В ответ на это раздалось троекратное рукоплескание со стороны братьев; затем они принялись снимать с себя ордена, знаки, запоны, которые Антип Ильич старательно прибирал, имея при этом, несмотря на всю свою кротость, недовольное и печальное лицо: такой скомканный прием Сусанны Николаевны в масонство казался ему просто кощунством. Когда потом со всеми собранными масонскими нарядами входил он в свою комнатку, чтобы их там пока убрать, то его остановила Фадеевна.
- Свершилось? - спросила она голосом, исполненным благоговения.
- Свершилось! - ответил ей тоже в тон Антип Ильич.
Затем все сошлись в столовой к трапезе, уставленной кушаньями и вином.
- Агапа! - сказал отец Василий, садясь рядом с Сверстовым и показывая ему на роскошно убранный стол.
- Да, по обычаю древних христиан, вечеря любви! - подхватил тот.
К концу ужина, когда отец Василий и Сверстов порядочно подвыпили винца, то сей последний воскликнул:
- Неужели мы не пропоем нашей песни?
- Пропоем! - ответил ему Егор Егорыч и при этом выпил даже полстакана вина.
- Пропоемте! - отозвалась и Сусанна Николаевна своим мелодическим голосом.
- Нужно это! - решила gnadige Frau и села за фортепьяно.

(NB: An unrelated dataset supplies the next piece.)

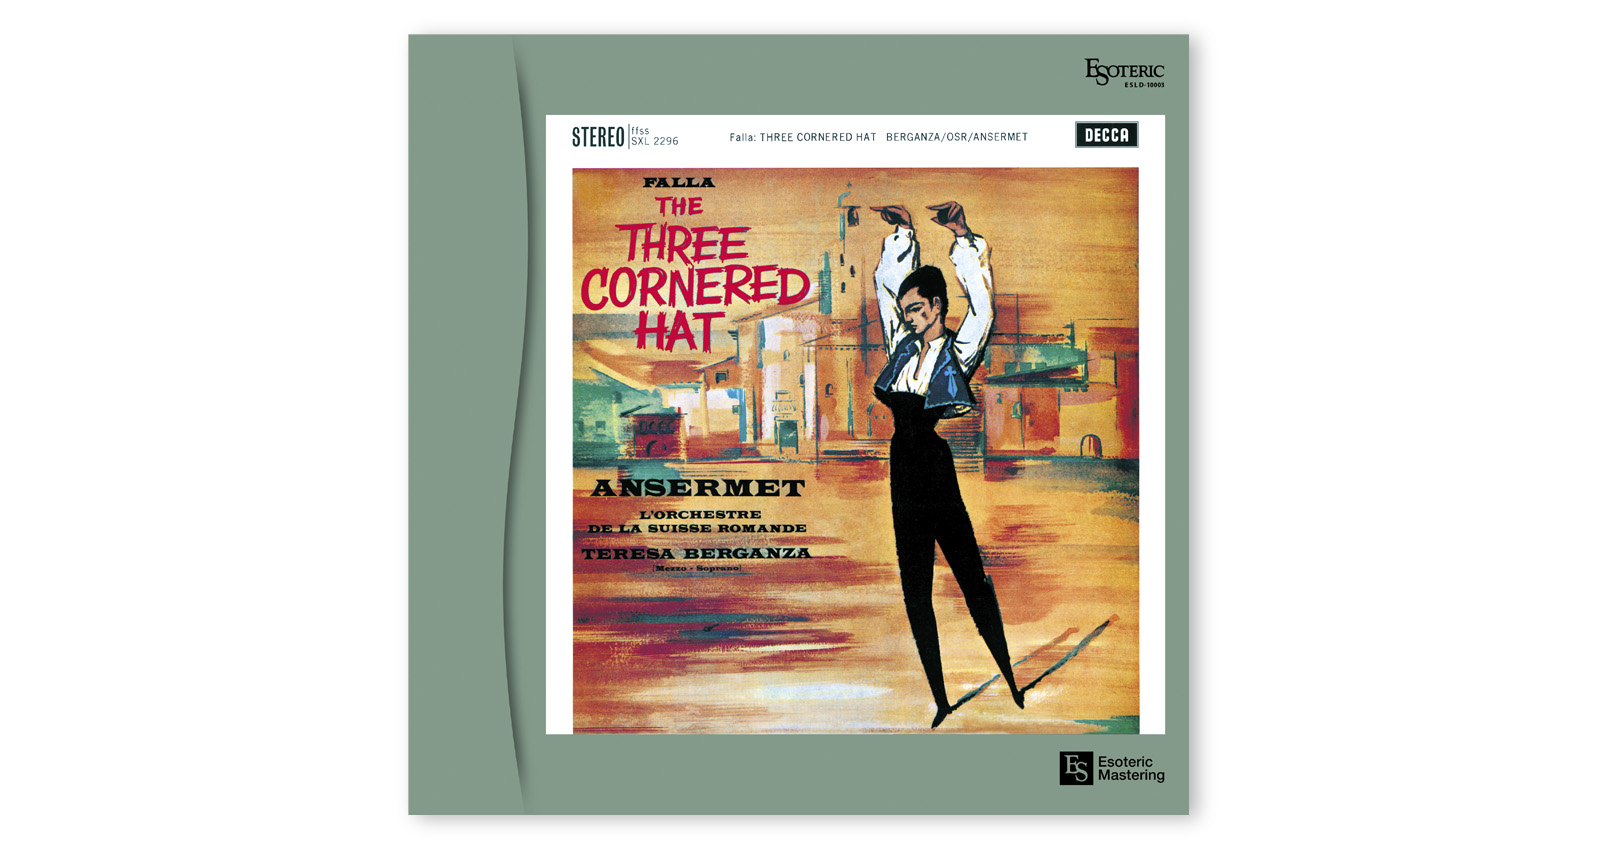 Manuel De Falla: The Three Cornered Hat, Teresa Berganza/Ernest Ansermet/L'Orchestre De La Suisse Romande - LP 180g Vinyl, Limited, Remastered

Заиграла она очень знакомый мотив с необыкновенною правильностью, так что когда запели ее собратья, то стали сильно с ней расходиться. Говоря откровенно, с некоторым уменьем пели только Сусанна Николаевна - очень, впрочем, слабым голосом - и отец Василий, владевший хорошим баритоном и приученный к пению.
Петая ими песня гласила:
Любовь, душа всея природы,
Теки сердца в нас воспалить,
Из плена в царствие свободы
Одна ты можешь возвратить.
Когда твой ясный луч сияет,
Масон и видит, и внимает.
Ты жизнь всего, что существует;
Ты внутренний, сокрытый свет;
Но тот, кто в мире слепотствует,
Твердит: "Любви правдивой нет!"
Отец Василий не ошибся, предполагая, что совершение обряда принятия Сусанны Николаевны в ложу будет замечено прислугою, среди которой действительно произошла большая сумятица. Горничная и молодые лакеи сначала старались из наугольной подсмотреть в дверную щелку на то, что делалось в гостиной. Не довольствуясь этим, некоторые из них убежали в сад, влезли на балкой и оттуда смотрели в гостиную. Старая горничная Юлии Матвеевны, Агапия, предобрая, преглупая и прелюбопытная, принимала большое участие в этом подглядывании; но когда господа сели за ужин и запели, она не выдержала, побежала наверх и разбудила Юлию Матвеевну.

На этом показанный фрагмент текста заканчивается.